Wang Tiandong of the Fudan Shanghai Math Center drew a division of labor: AI expands the search, humans define the value, the machine verifies. Yang Zixiong of the Shanghai Institute for Science-AI described the post-AlphaFold shift as one from static structure prediction to dynamic conformational generation, a form of grounding-by-simulation that does not need a robot body to qualify. Qu Jingjing of the Shanghai AI Lab demoed Epitome, a social-simulation platform that ran roughly 1,000 virtual samples through ten years of social evolution compressed into 14 hours. Each is a different way of saying what Sun Ning said in the first talk: anchor the system in something other than text.
Jiang Zhuoren of Zhejiang University's public management school contributed the cautionary case. A cross-national trust study reported a macro correlation above 90% on country-level means, but significance coverage dropped to 34-37% in regression, and country-type recovery was near random. The pattern fits a grounding critique of large-scale social AI: country-level averages are not the same construct as within-country behavior, and a system that scores well on the first can still misfire on the second.

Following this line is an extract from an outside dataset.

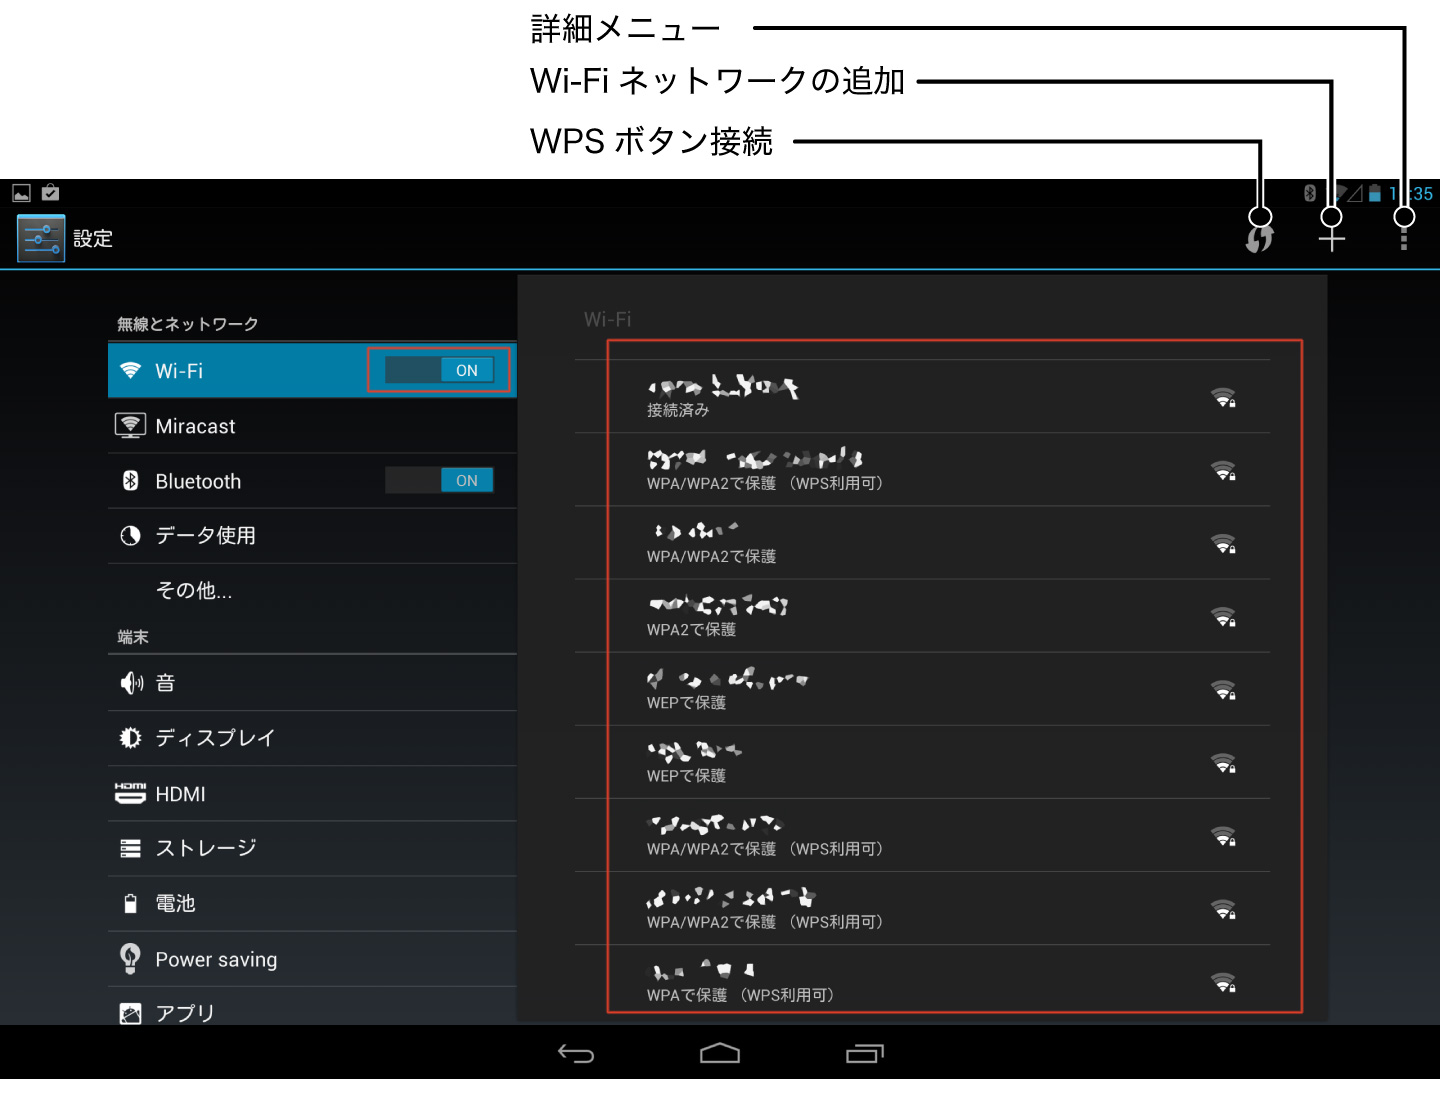 Wi-Fi」設定 | Android 4.2 タブレット マニュアル制作事例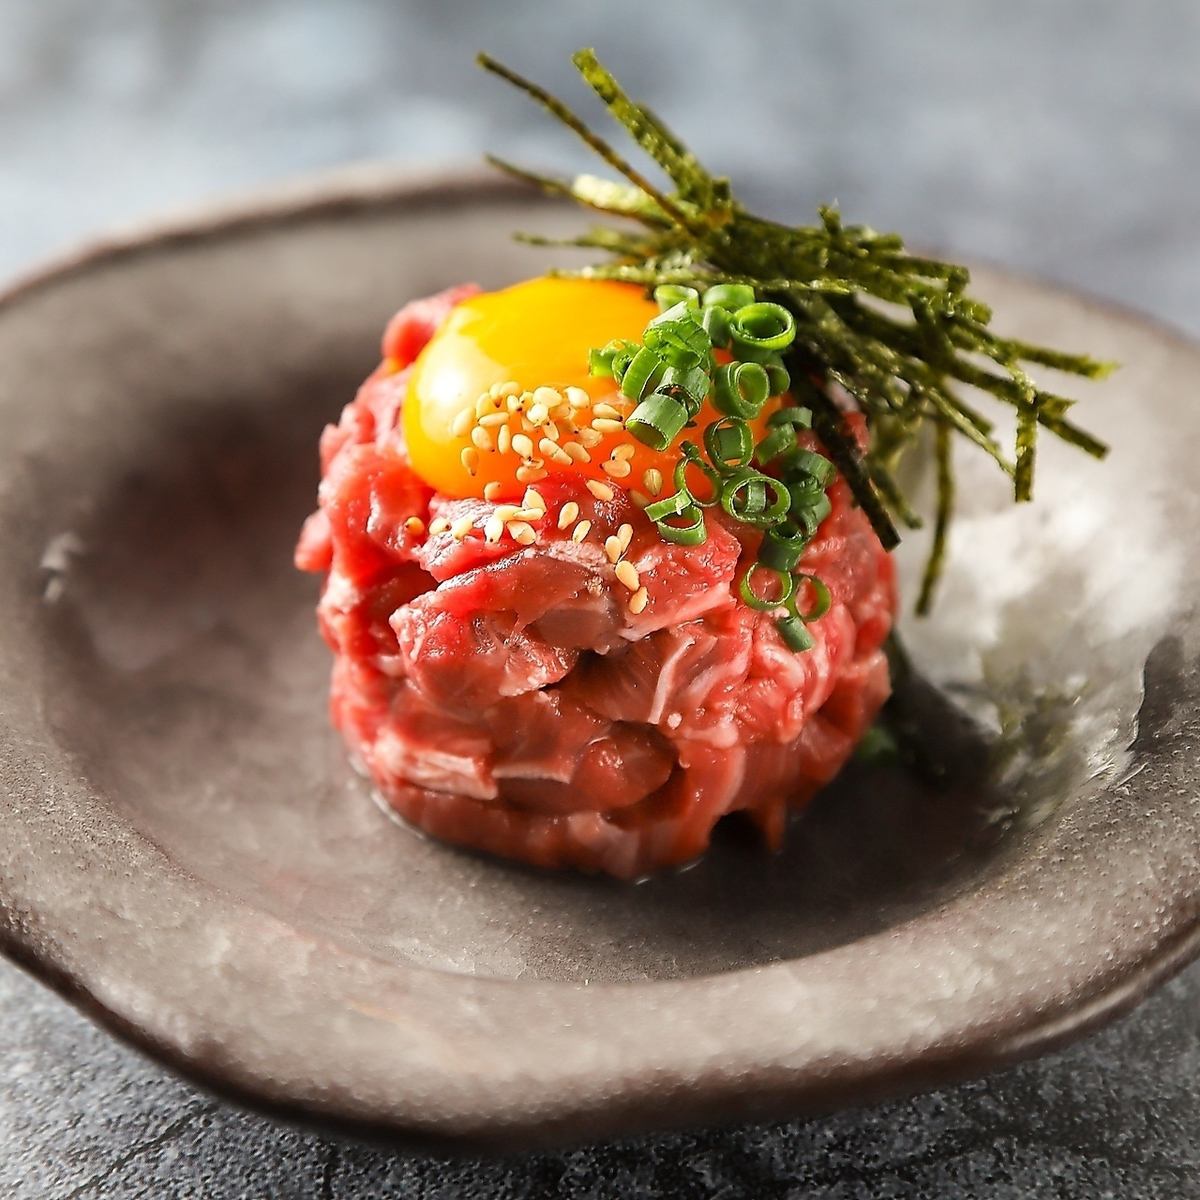 A new luxury yakiniku restaurant where you can enjoy the highest rank of Japanese beef

The blue book and the forum also pushed the governance thread. Ma Lipeng of Qingpu Fudan argued for treating AI meta-cognition as a design requirement. Yang Min of Fudan CS named self-replication as a red line. Gao Qiqi of Fudan IR made the institutional case against 文科无用论 (the uselessness of the humanities). The combined position: a high-capability system that cannot explain its decisions, intervene in its own loop, or refuse a self-replication order is not a controllable system, regardless of its benchmark score.
Luo Xiaozhou of SIAT and Senris Biotech offered process evidence: a Shenzhen synthetic-biology mega-facility, funded above 2 billion RMB (about $280M at mid-2026 reference rates), runs as an AI-driven automated wet-lab, with squalene output already in Merck's supply chain and squalane in cosmetics supply chains. Meger Zhang Yan, in the same WAIC track, described the broader shift as one from process-delivery to outcome-delivery as the unit of payment and allocation. The exhibit is not philosophy as window dressing.
The skepticism still applies. Apex Search's 34 papers and the blue book's STRIDES checkpoints are both new artifacts, and a single conference week is not a track record. A useful test for the next six months: does the 2026 蓝皮书's distinction between agent-type and assistive-type AI embedding show up in a published evaluation that catches the Jiang-style 34-37% regression gap, or does it stay as a vocabulary upgrade. If grounding becomes a peer-review gate, the philosophers have done real work. If it becomes a slide-deck noun, the borrowing is aesthetic.